## RECORD EXCERPTS
★ ★ ★ ★ ★ ★ ★
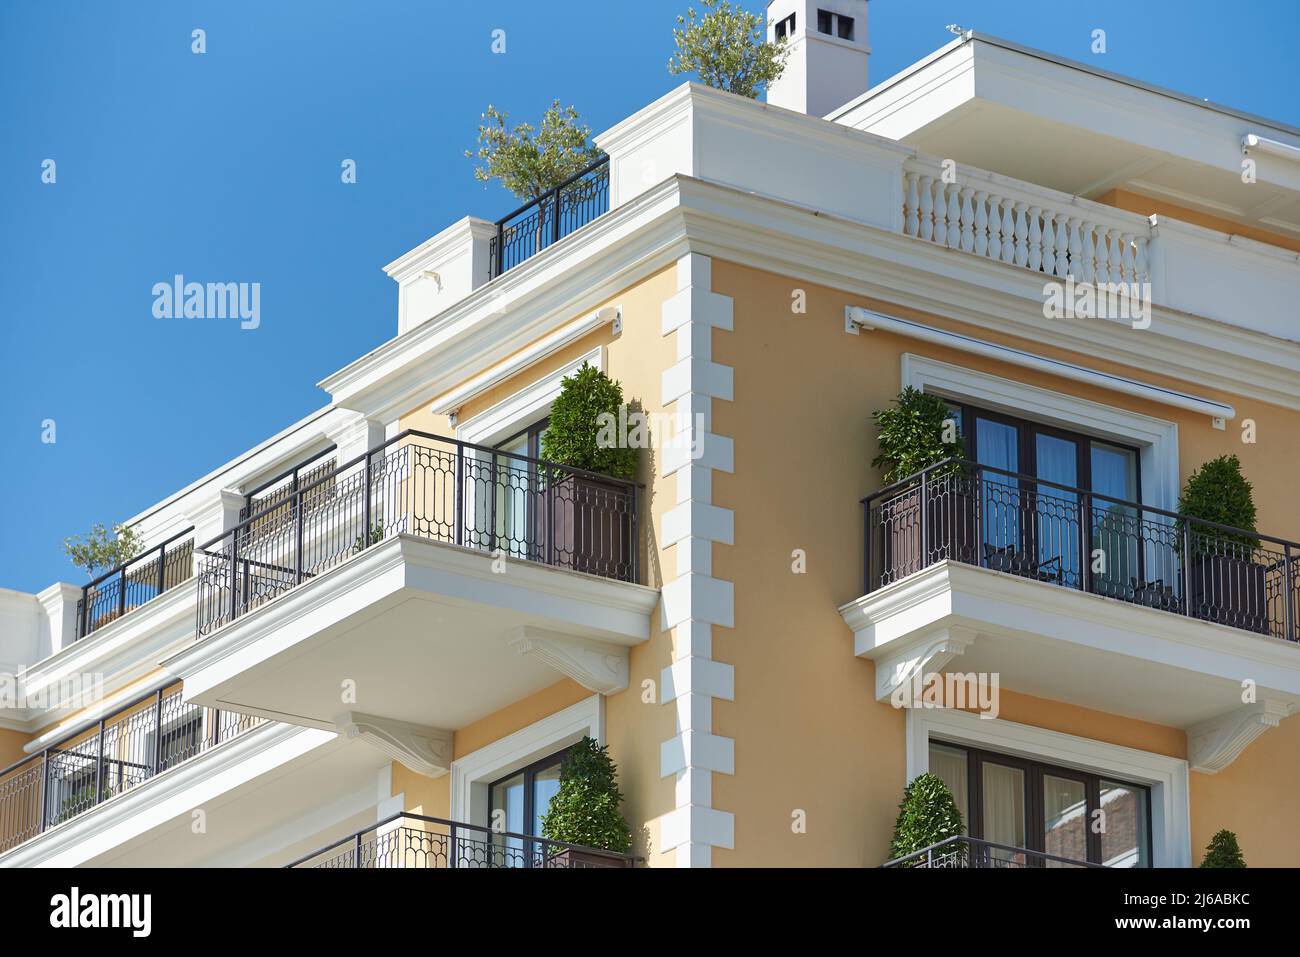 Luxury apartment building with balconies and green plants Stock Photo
★ ★ ★ ★ ★ ★ ★
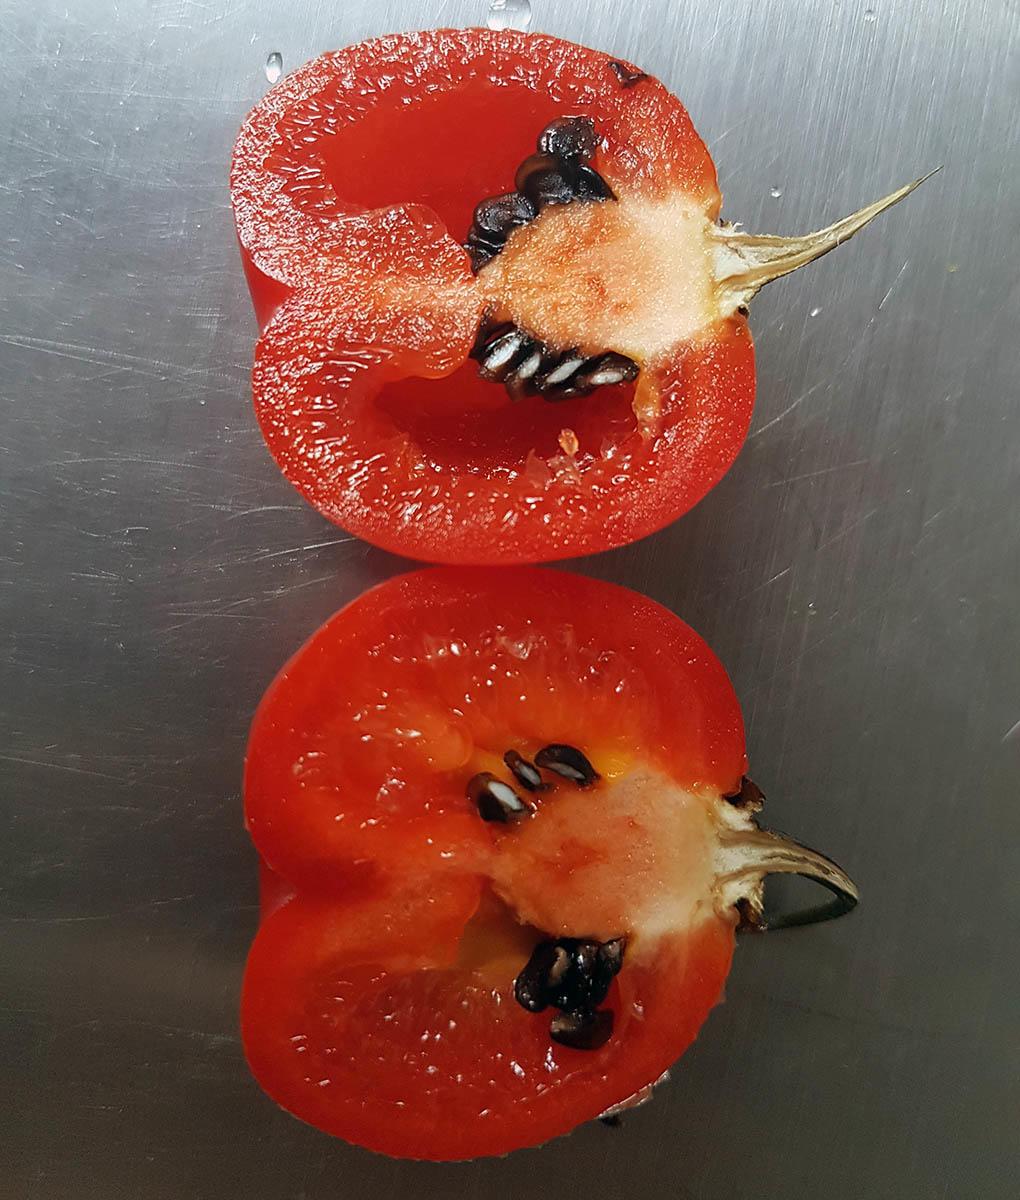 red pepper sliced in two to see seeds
★ ★ ★ ★ ★ ★ ★
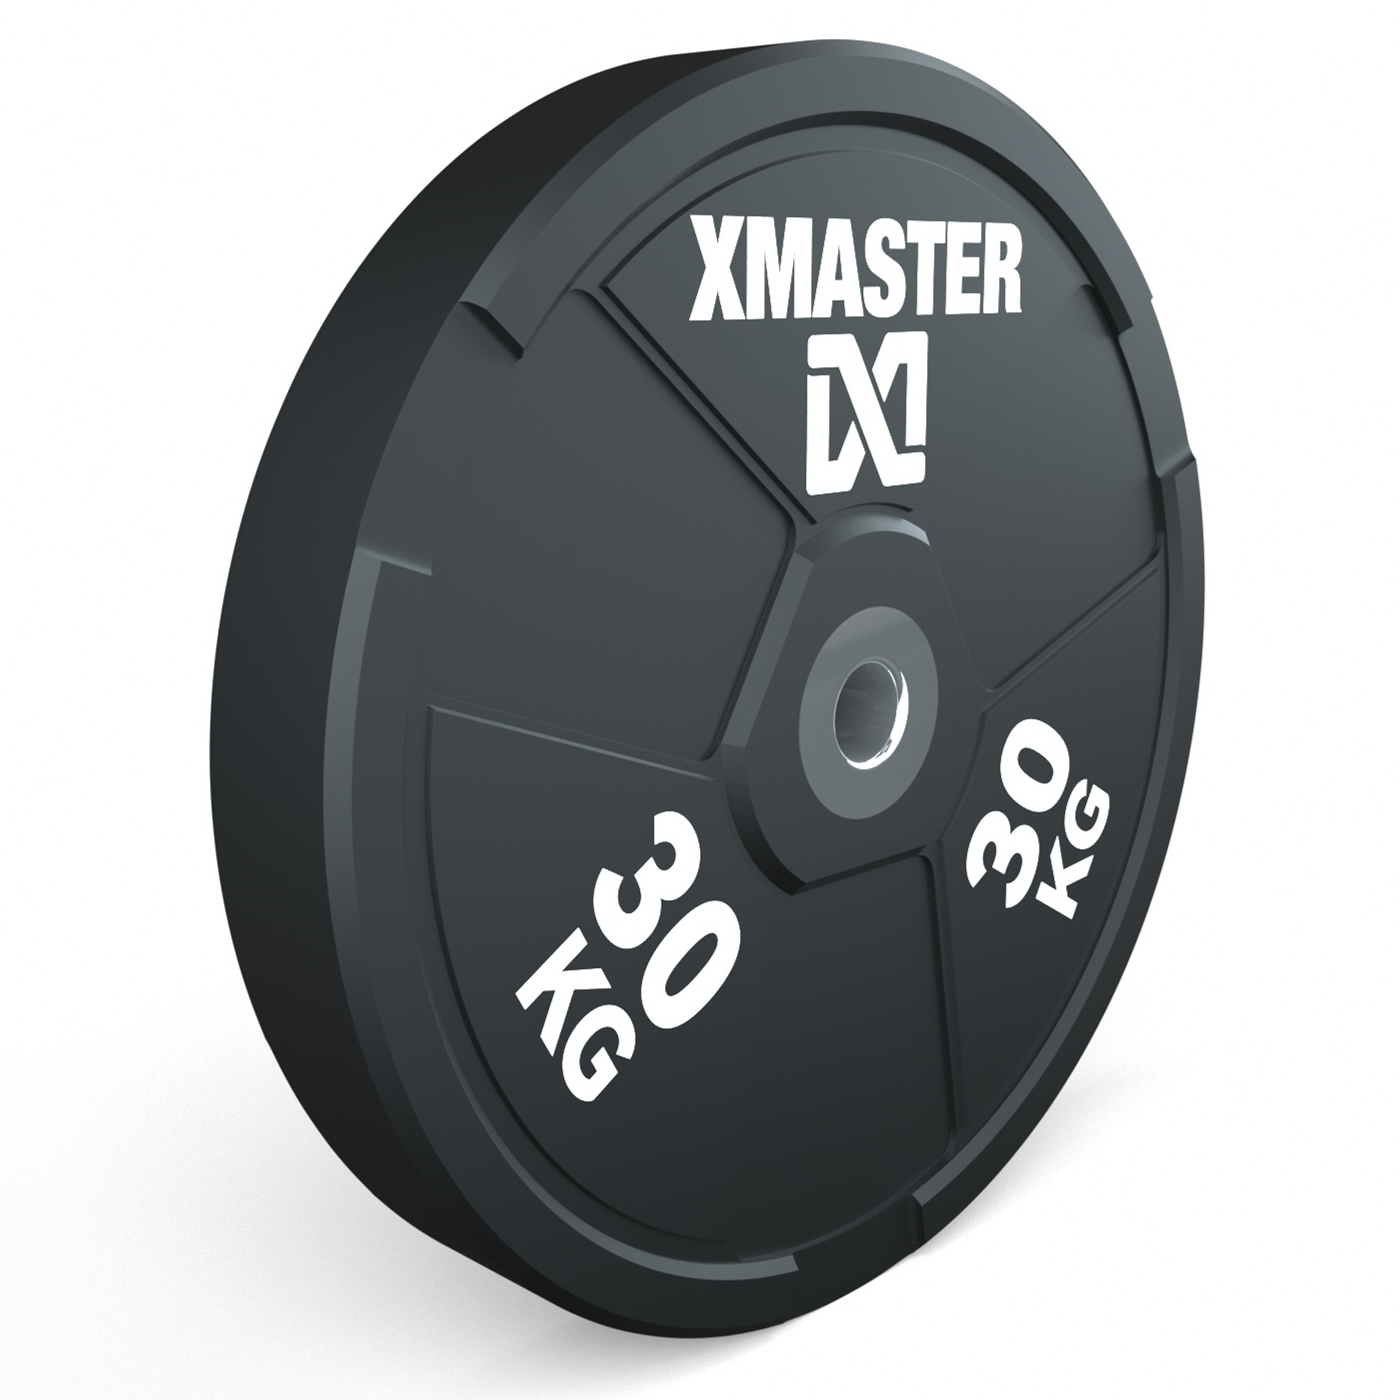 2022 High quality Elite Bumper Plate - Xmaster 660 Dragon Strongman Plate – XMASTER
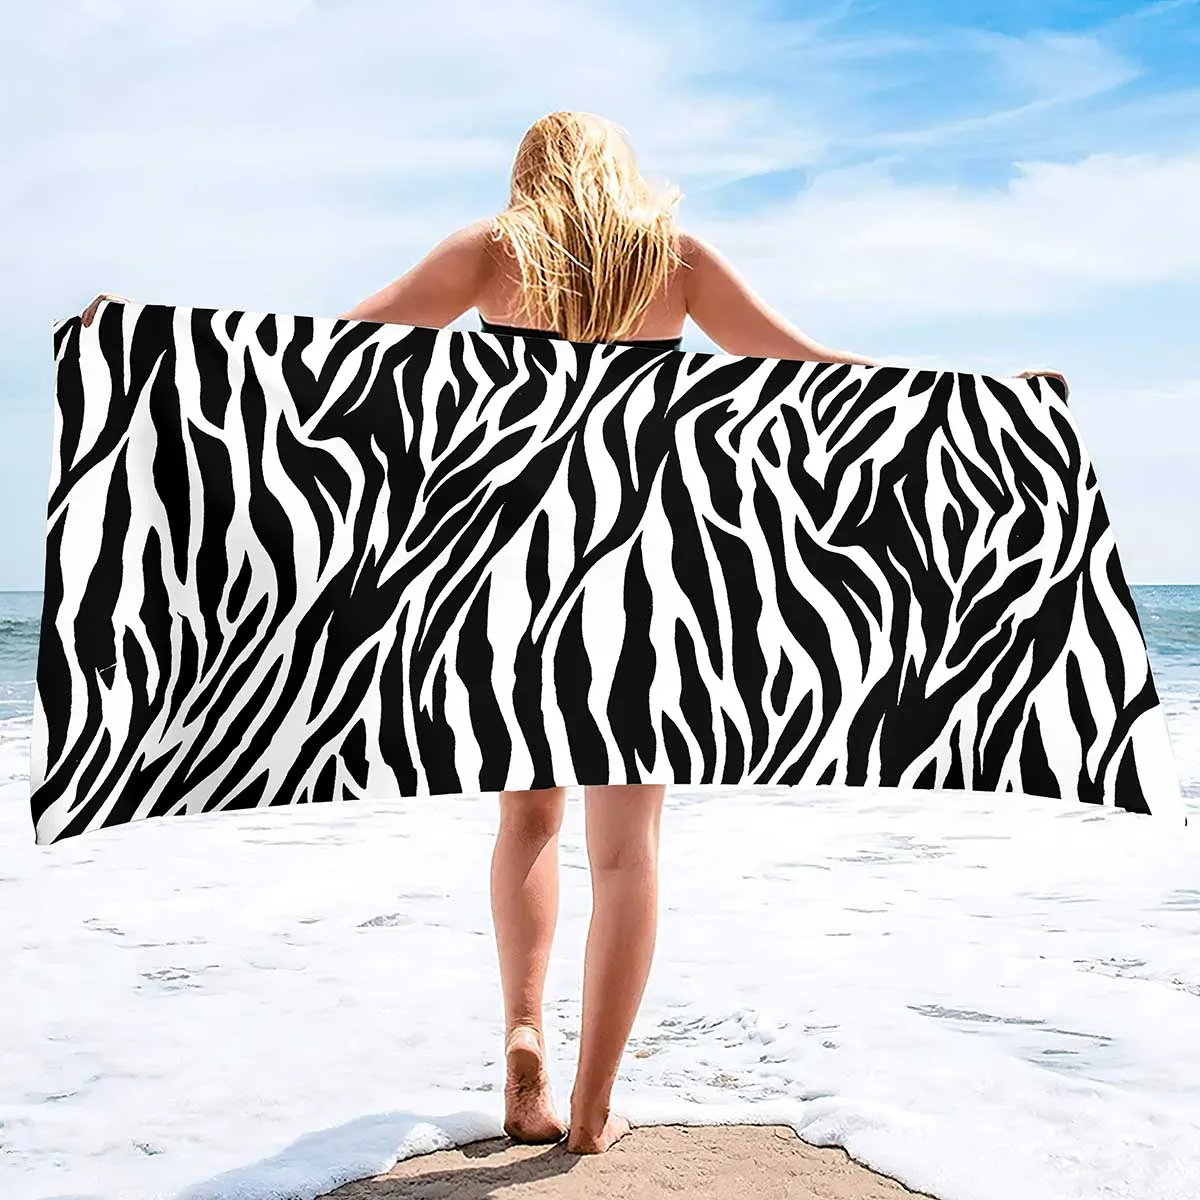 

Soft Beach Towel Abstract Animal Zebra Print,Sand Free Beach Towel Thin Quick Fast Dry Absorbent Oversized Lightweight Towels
★ ★ ★ ★ ★ ★ ★
## WHAT THIS TASK INVOLVES
Using the listing above, reproduce word for word every line from the one containing "2022 High quality" through the one containing "Soft Beach Towel". Pictures must be left out.

## WRITTEN RESPONSE
 2022 High quality Elite Bumper Plate - Xmaster 660 Dragon Strongman Plate – XMASTER

Soft Beach Towel Abstract Animal Zebra Print,Sand Free Beach Towel Thin Quick Fast Dry Absorbent Oversized Lightweight Towels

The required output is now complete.